Work out the length of the missing side.
🔎 Reasoning Tip
Perimeter: The perimeter of a shape is the distance around the edge of the shape.
👀 show answer
Convert each known side to an improper fraction:
- $5\dfrac{1}{9} = \dfrac{46}{9}$
- $8\dfrac{2}{3} = \dfrac{26}{3}$
- $9\dfrac{5}{6} = \dfrac{59}{6}$
- Perimeter $= 35\dfrac{13}{36} = \dfrac{1273}{36}$
Find common denominator $36$:
$\dfrac{46}{9} = \dfrac{184}{36},\;\; \dfrac{26}{3} = \dfrac{312}{36},\;\; \dfrac{59}{6} = \dfrac{354}{36}$
Sum of known sides $= \dfrac{184}{36} + \dfrac{312}{36} + \dfrac{354}{36} = \dfrac{850}{36}$
Missing side $= \dfrac{1273}{36} - \dfrac{850}{36} = \dfrac{423}{36} = \dfrac{141}{12} = 11\dfrac{3}{4}\,\text{m}$
Final Answer: The missing side is $11\dfrac{3}{4}\,\text{m}$.

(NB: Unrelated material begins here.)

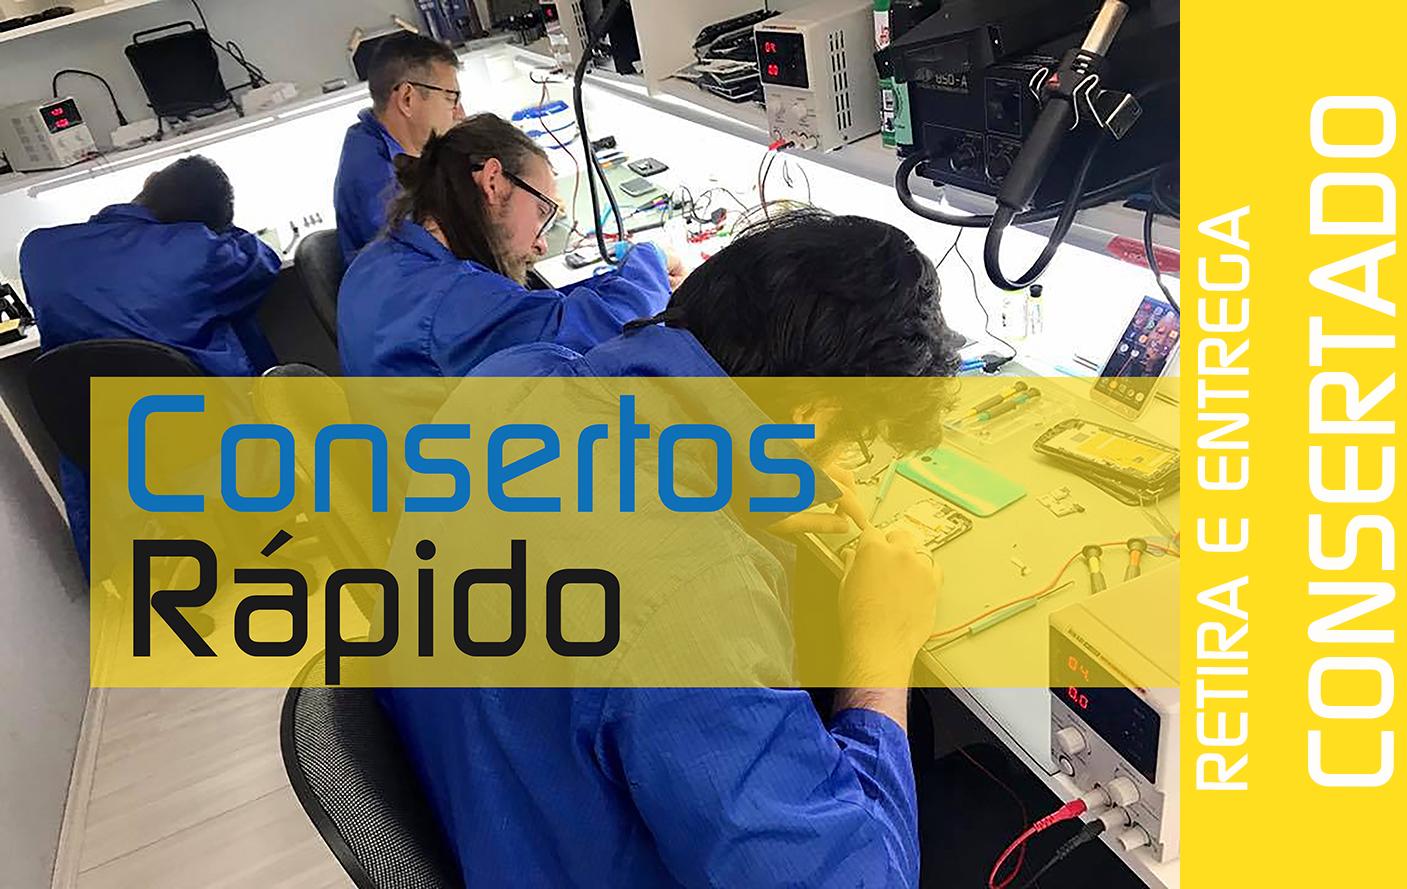 Consertos Rapido - Consertar Celular em Domicílio -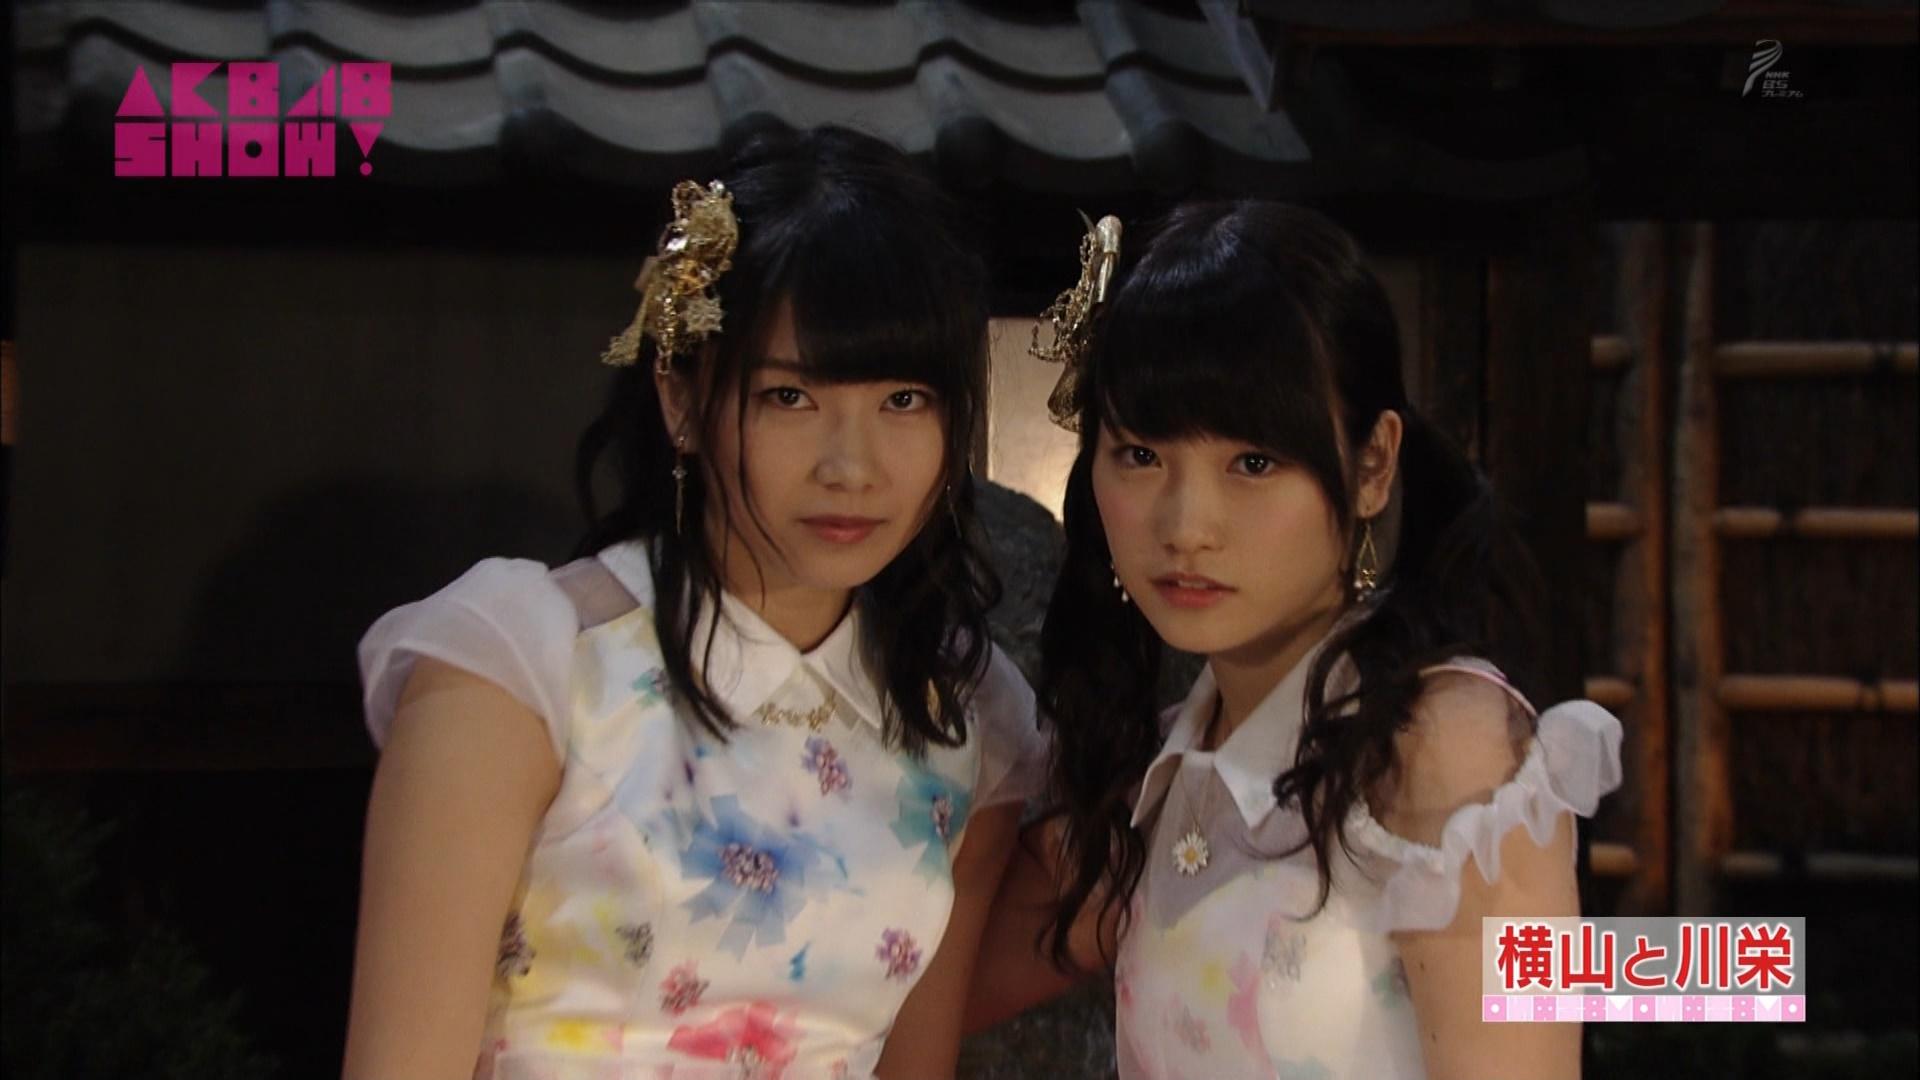 横山由依と川栄李奈 AKB48SHOW! 20140906 (64)

⚠️ Be careful! Adding & subtracting mixed numbers
- Find a common denominator first — never add or subtract denominators.
Wrong: $\tfrac{1}{4}+\tfrac{5}{6}\neq\tfrac{6}{10}$ Correct: $\tfrac{1}{4}+\tfrac{5}{6}=\tfrac{3}{12}+\tfrac{10}{12}=\tfrac{13}{12}$. - Carry from the fractional sum if it’s $\ge 1$.
$2\tfrac{3}{8}+1\tfrac{5}{6}=3+\tfrac{9}{24}+\tfrac{20}{24}=3+\tfrac{29}{24}=4\tfrac{5}{24}$. - For subtraction, regroup (borrow) or use improper fractions when the top fraction is smaller.
$4\tfrac{1}{6}-2\tfrac{5}{6}=\tfrac{25}{6}-\tfrac{17}{6}=\tfrac{8}{6}=\tfrac{4}{3}=1\tfrac{1}{3}$ (don’t leave a negative fractional part). - Simplify at the end: reduce fractions and mixed numbers to simplest form, e.g. $\tfrac{14}{12}=\tfrac{7}{6}=1\tfrac{1}{6}$.
- Estimate with whole parts to sense‑check your result before/after calculation.
- Collecting like terms: only combine the same variable, and add their (mixed‑number) coefficients correctly.
$1\tfrac{3}{4}x+3\tfrac{3}{4}x=5\tfrac{1}{2}x$ (don’t mix $x$ with $y$).